How to debug urllib2 request that uses a basic authentication handler

Question

I'm making a request using urllib2 and the HTTPBasicAuthHandler like so:

import urllib2

theurl = 'http://someurl.com'
username = 'username'
password = 'password'

passman = urllib2.HTTPPasswordMgrWithDefaultRealm()
passman.add_password(None, theurl, username, password)

authhandler = urllib2.HTTPBasicAuthHandler(passman)
opener = urllib2.build_opener(authhandler)
urllib2.install_opener(opener)

params = "foo=bar"

response = urllib2.urlopen('http://someurl.com/somescript.cgi', params)

print response.info()

I'm currently getting a httplib.BadStatusLine exception when running this code.

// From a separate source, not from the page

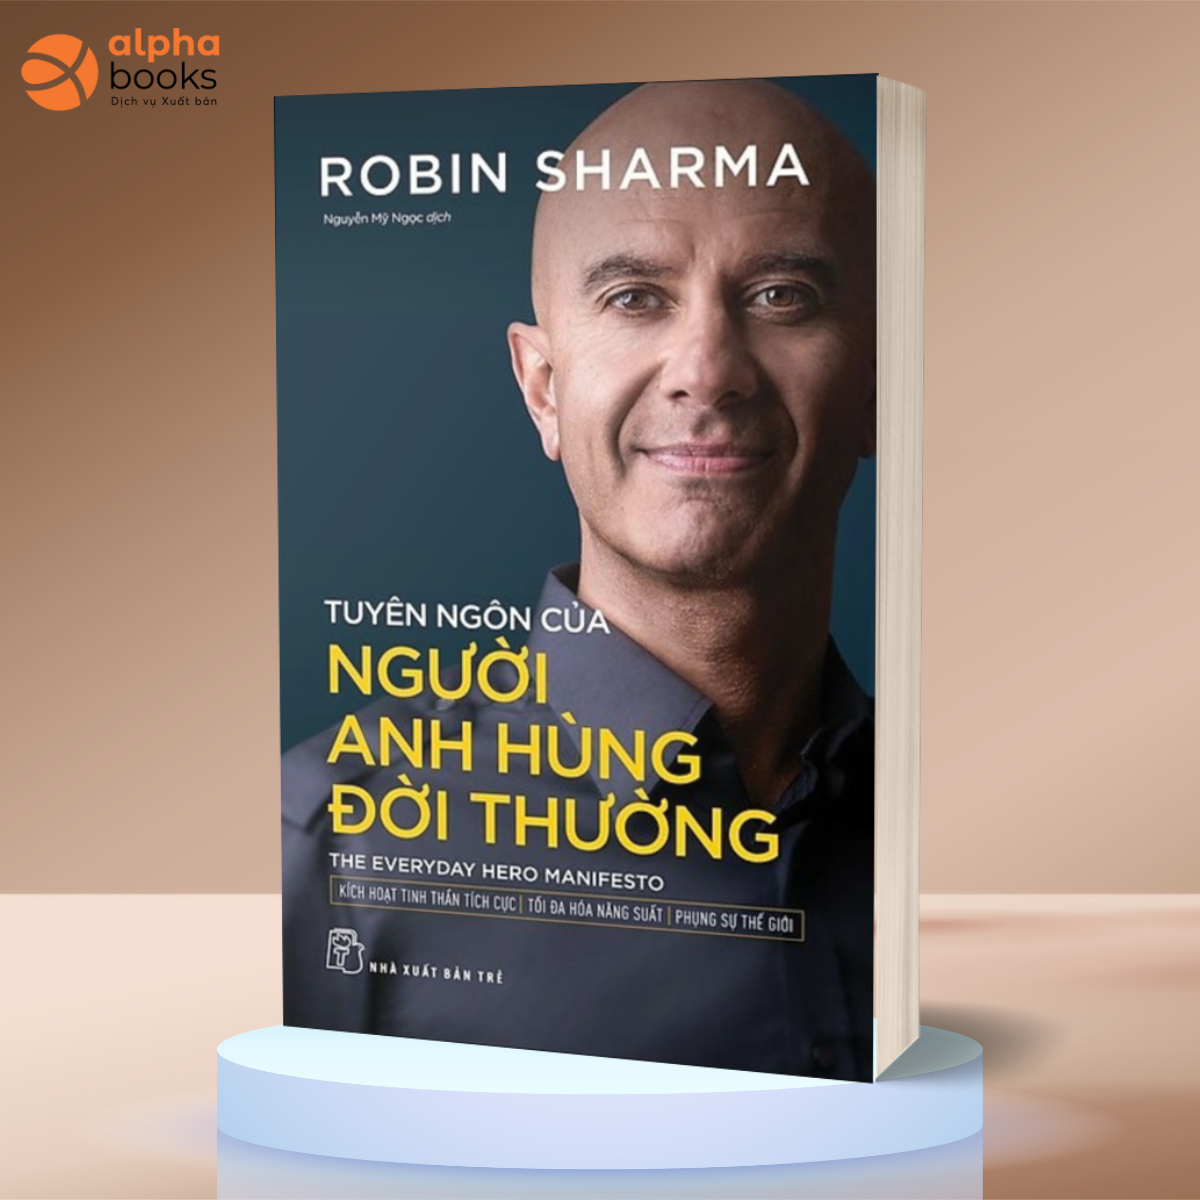 TUYÊN NGÔN CỦA NGƯỜI ANH HÙNG ĐỜI THƯỜNG - Robin Sharma (bìa mềm)

How could I go about debugging? Is there a way to see what the raw response is regardless of the unrecognized HTTP status code?

Answer 1

Have you tried setting the debug level in your own HTTP handler? Change your code to something like this:

>>> import urllib2
>>> handler=urllib2.HTTPHandler(debuglevel=1)
>>> opener = urllib2.build_opener(handler)
>>> urllib2.install_opener(opener)
>>> resp=urllib2.urlopen('http://www.google.com').read()
send: 'GET / HTTP/1.1
      Accept-Encoding: identity
      Host: www.google.com
      Connection: close
      User-Agent: Python-urllib/2.7'
reply: 'HTTP/1.1 200 OK'
header: Date: Sat, 08 Oct 2011 17:25:52 GMT
header: Expires: -1
header: Cache-Control: private, max-age=0
header: Content-Type: text/html; charset=ISO-8859-1
... the remainder of the send / reply other than the data itself 

So the three lines to prepend are:

handler=urllib2.HTTPHandler(debuglevel=1)
opener = urllib2.build_opener(handler)
urllib2.install_opener(opener)
... the rest of your urllib2 code...

That will show the raw HTTP send / reply cycle on stderr.

Edit from comment

Does this work?

... same code as above this line
opener=urllib2.build_opener(authhandler, urllib2.HTTPHandler(debuglevel=1))
... rest of your code